### Task
Look below for the line that contains "Ring Wandering film" and the line that contains "Screenshot №2 from game Pilam Sky", then restate both of them and every line in between, exactly. No picture goes in the copy.
Entries shown: Begin
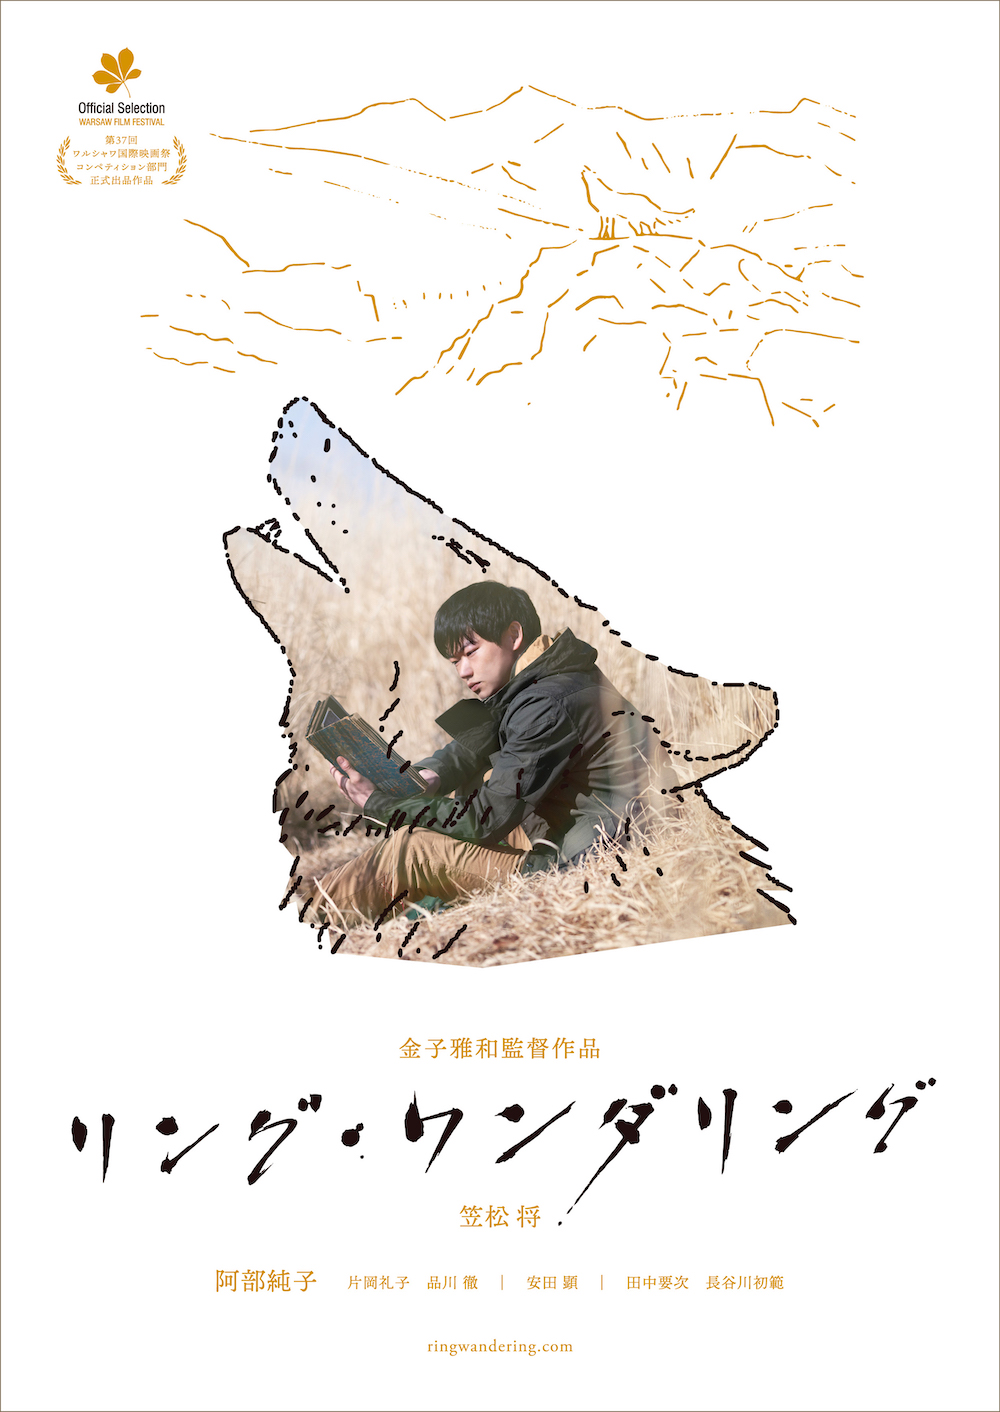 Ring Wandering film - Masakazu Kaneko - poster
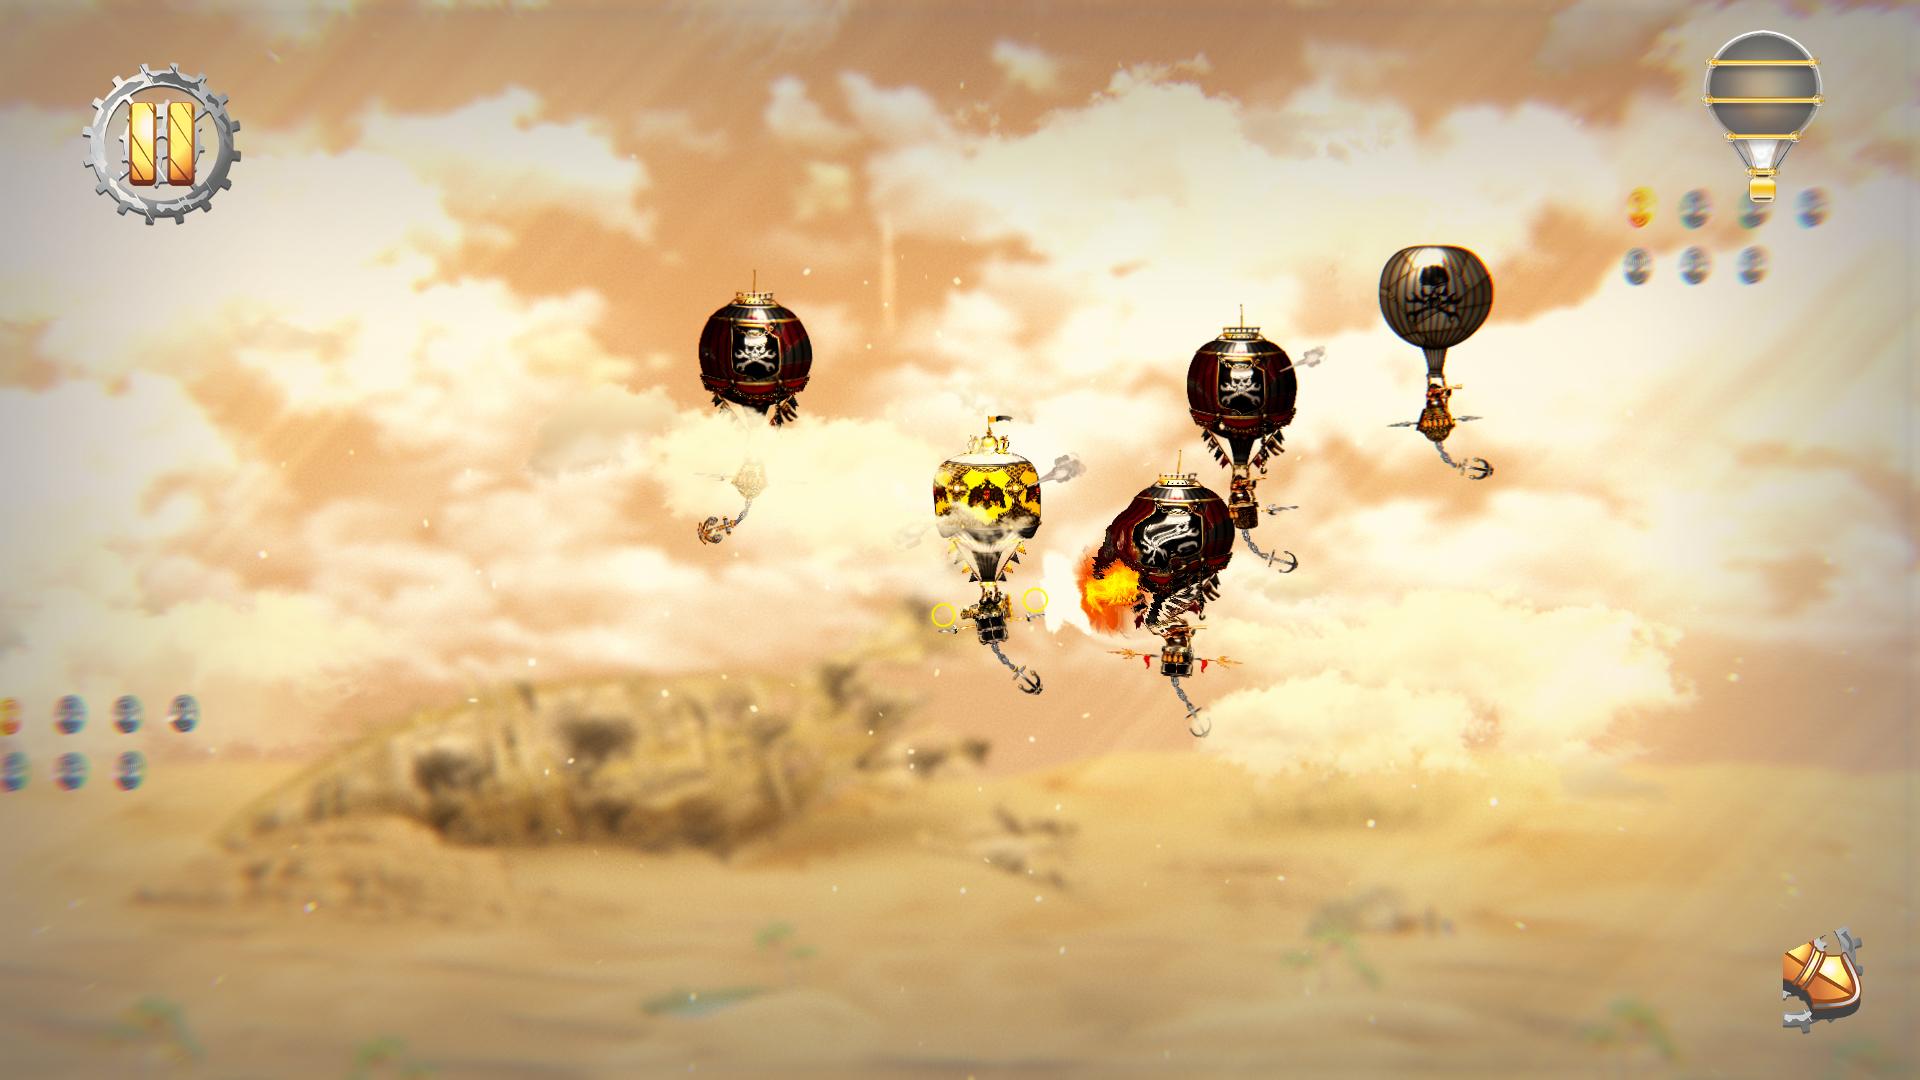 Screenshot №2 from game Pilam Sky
Entries shown: End
Entries shown: Begin
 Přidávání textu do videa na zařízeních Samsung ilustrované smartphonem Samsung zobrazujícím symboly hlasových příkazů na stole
Entries shown: End
Entries shown: Begin
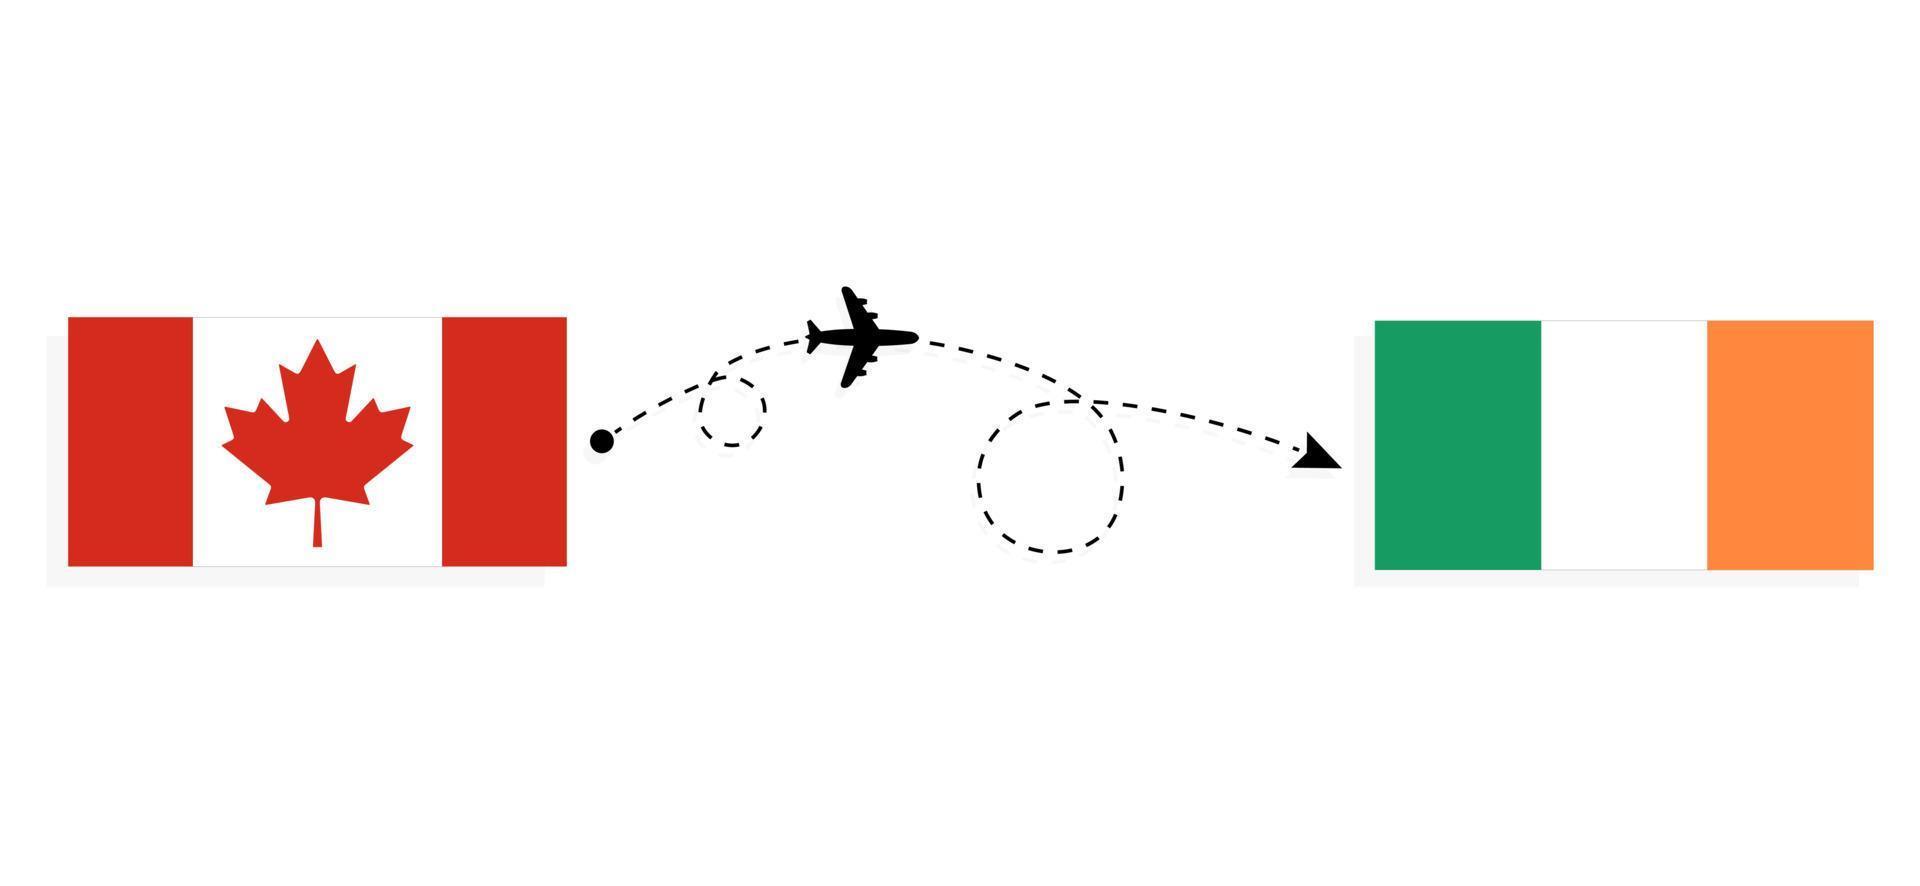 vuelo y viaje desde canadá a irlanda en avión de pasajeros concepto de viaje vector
Entries shown: End
### Written reply
 Ring Wandering film - Masakazu Kaneko - poster
 Screenshot №2 from game Pilam Sky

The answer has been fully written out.